Whereas verification is focused on the assessment of micro and macro concepts and
inferences in the process of programming, observing and interpreting computational
models, validation is focused on the evaluation of such inferences and concepts as
representations of the target social phenomenon or theory.
In paraphrasing Axelrod (1997a), at first sight, we could say that the problem
is whether an unexpected result is a reflection of the computational model, due to
a mistake in the implementation of the pre-computational model, or is a surprising
consequence of the pre-computational model itself. Unfortunately, the problem is
more complicated than that. In many cases mistakes in the code may not be qualified
simply as mistakes, but only as one interpretation among many others possible
for implementing a conceptual model. Nevertheless, from a practical viewpoint
there may be still good reasons to make the distinction between V&V. A number
of established practices exist for the corresponding quadrants of Fig. 9.1. We will
address some of these in the following sections.
9.3 Validation Approaches
We offered a conceptual definition of validation in Sect. 9.2.2. Had we given an
operational definition, things would have become somewhat problematical. Models
of social complexity are diverse and there is no definitive and guaranteed criterion of
validity. As Amblard et al. (2007) remarked, “validation suggests a reflection on the
intended use of the model in order to be valid, and the interpretation of the results
should be done in relation to that specific context.”

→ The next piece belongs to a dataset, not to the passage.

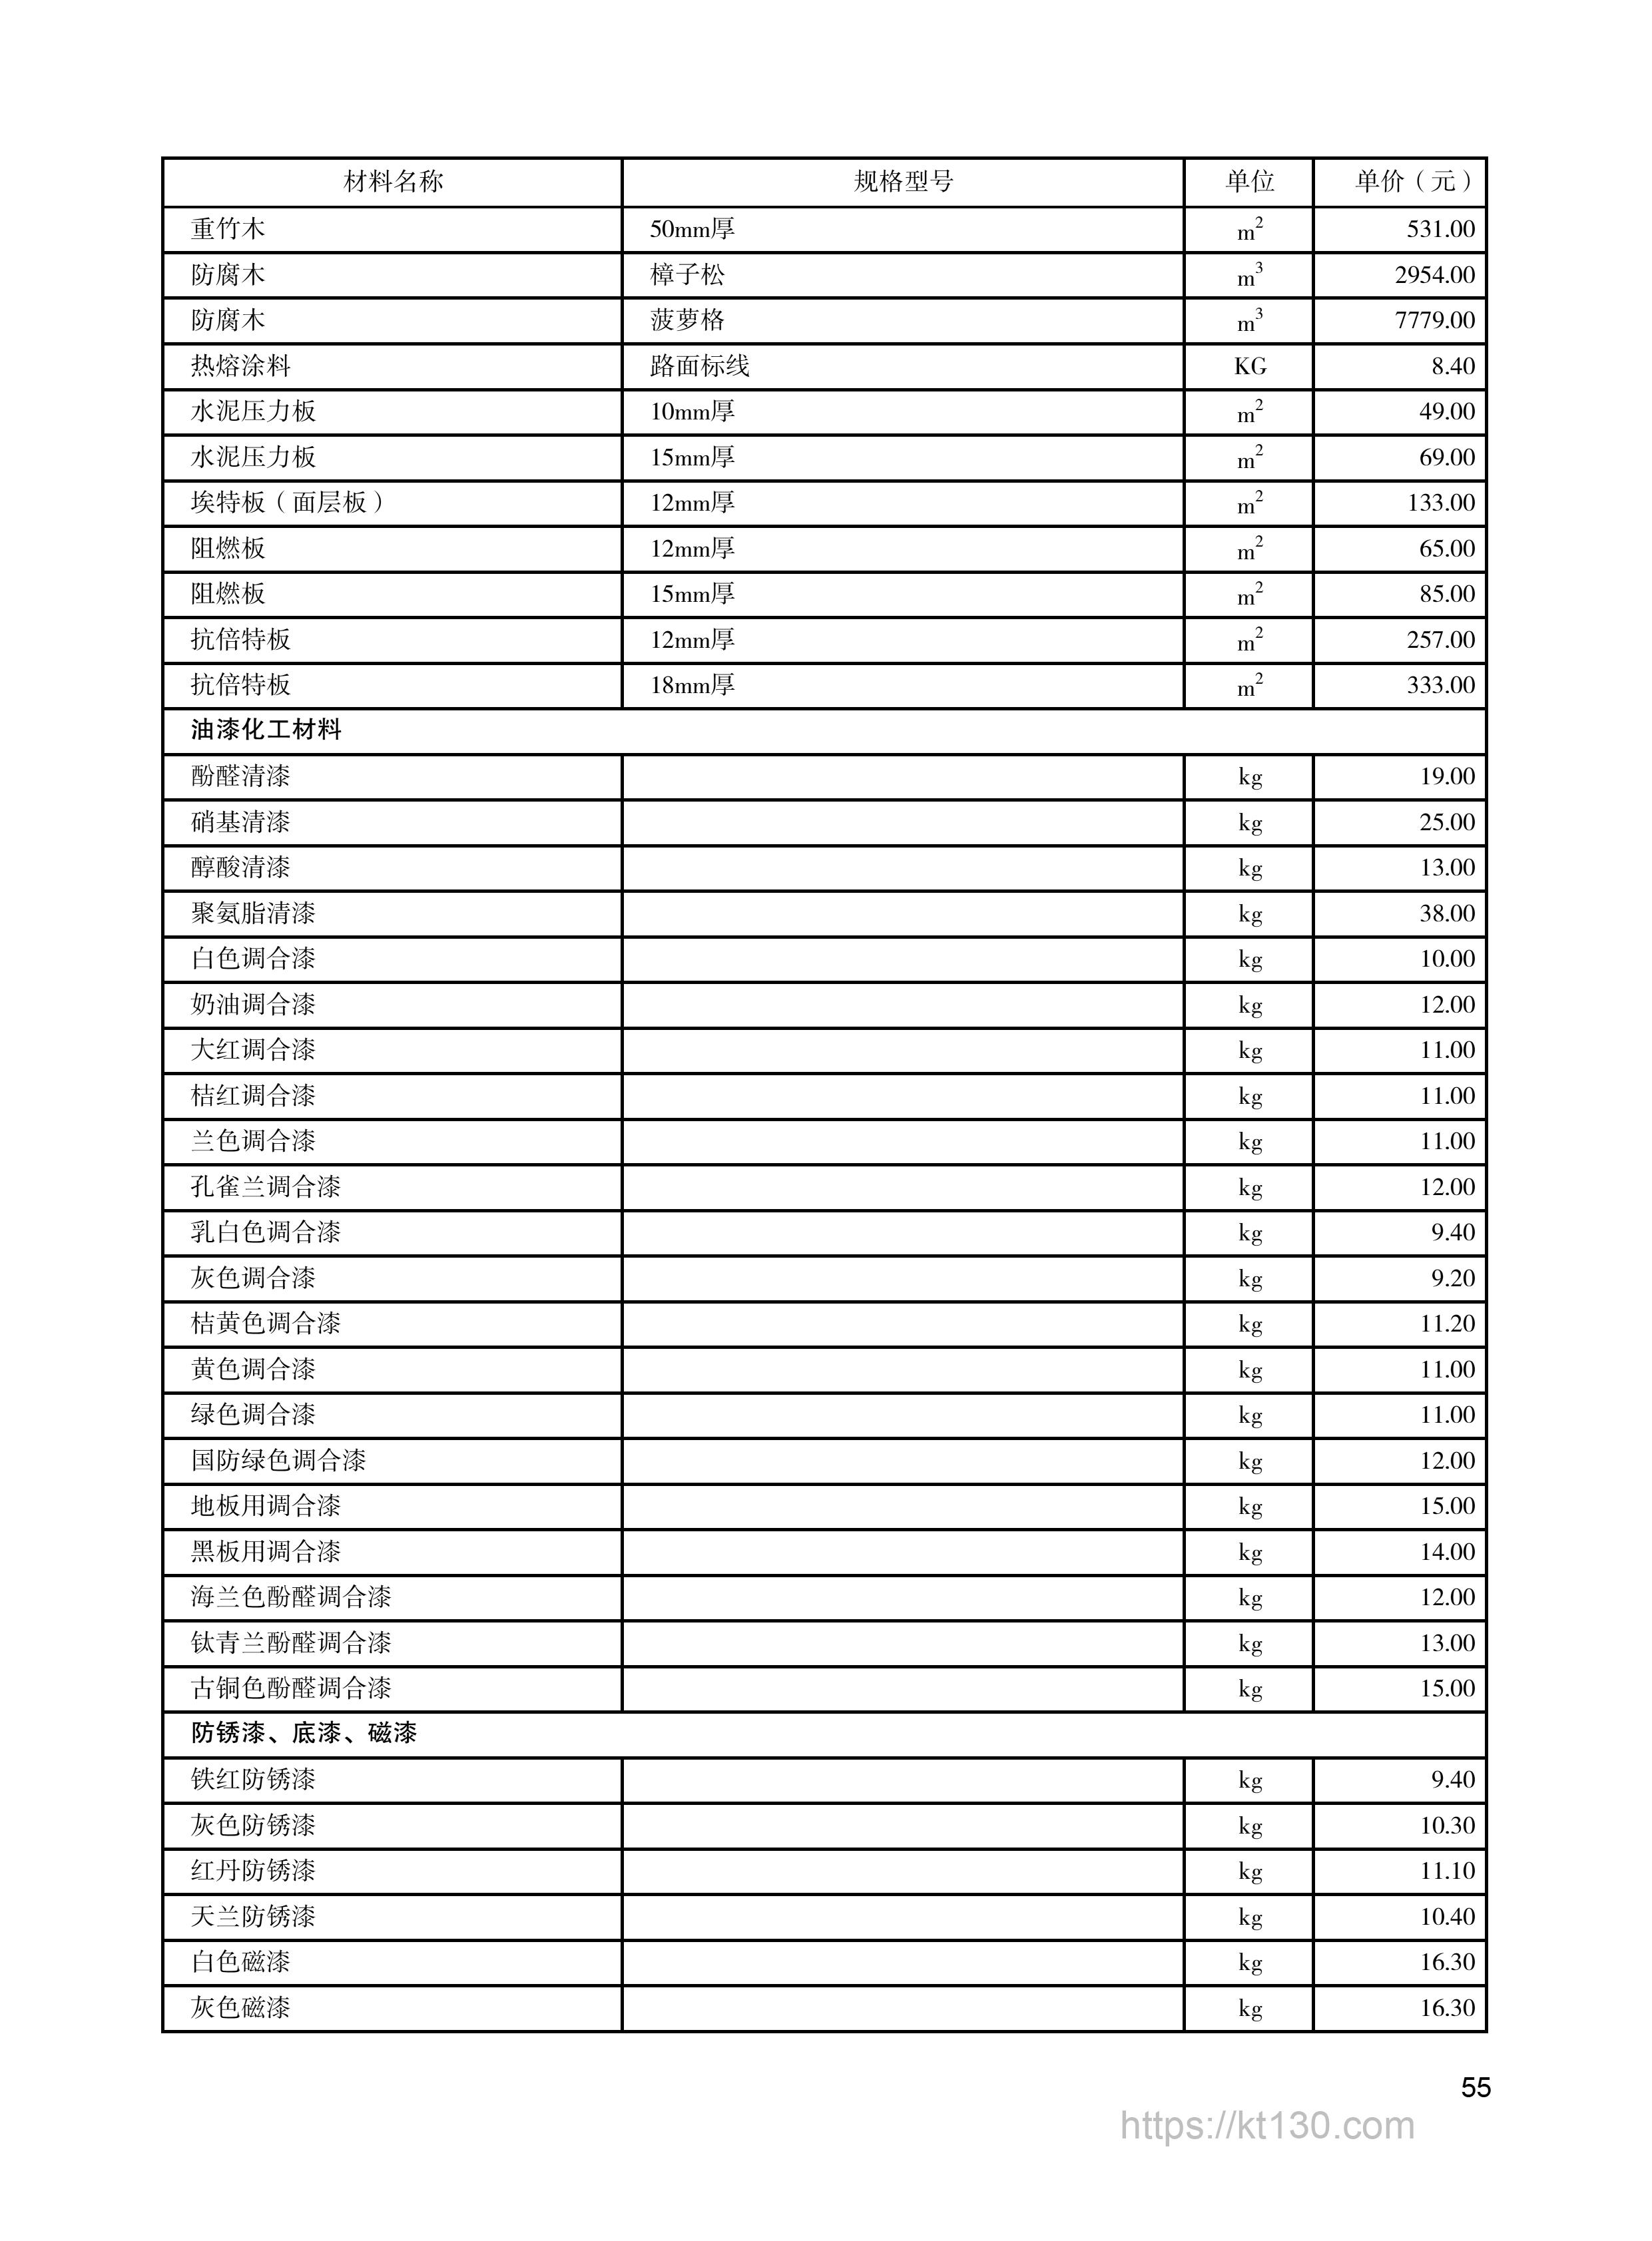 陕西省2022年9月份油漆化工材料价格表

A specific use may be associated with different methodological perspectives
for building the model, with different strategies, types of validity tests, and
techniques (Fig. 9.2). Consider the kind of subjunctive, metaphorical models such
as Schelling’s (1971). In these models there is no salient validation step during the
simulation development process. Design and validation walk together. The intended
use is not to show that the simulation is plausible against a specific context of social
reality but to propose abstract or schematic mechanisms as broad representations of
classes of social phenomena. In other cases, the goal may be modelling a specific
target domain, full of context, with use of empirical data and significant amounts
of rich detail. Whereas in the former a good practice could be modelling with the
greatest parsimony possible so as to have a computational model sanctionable by
human beings and comparable to other models, parsimony can be in opposition to
the goal of descriptive richness and thus inappropriate to the latter case.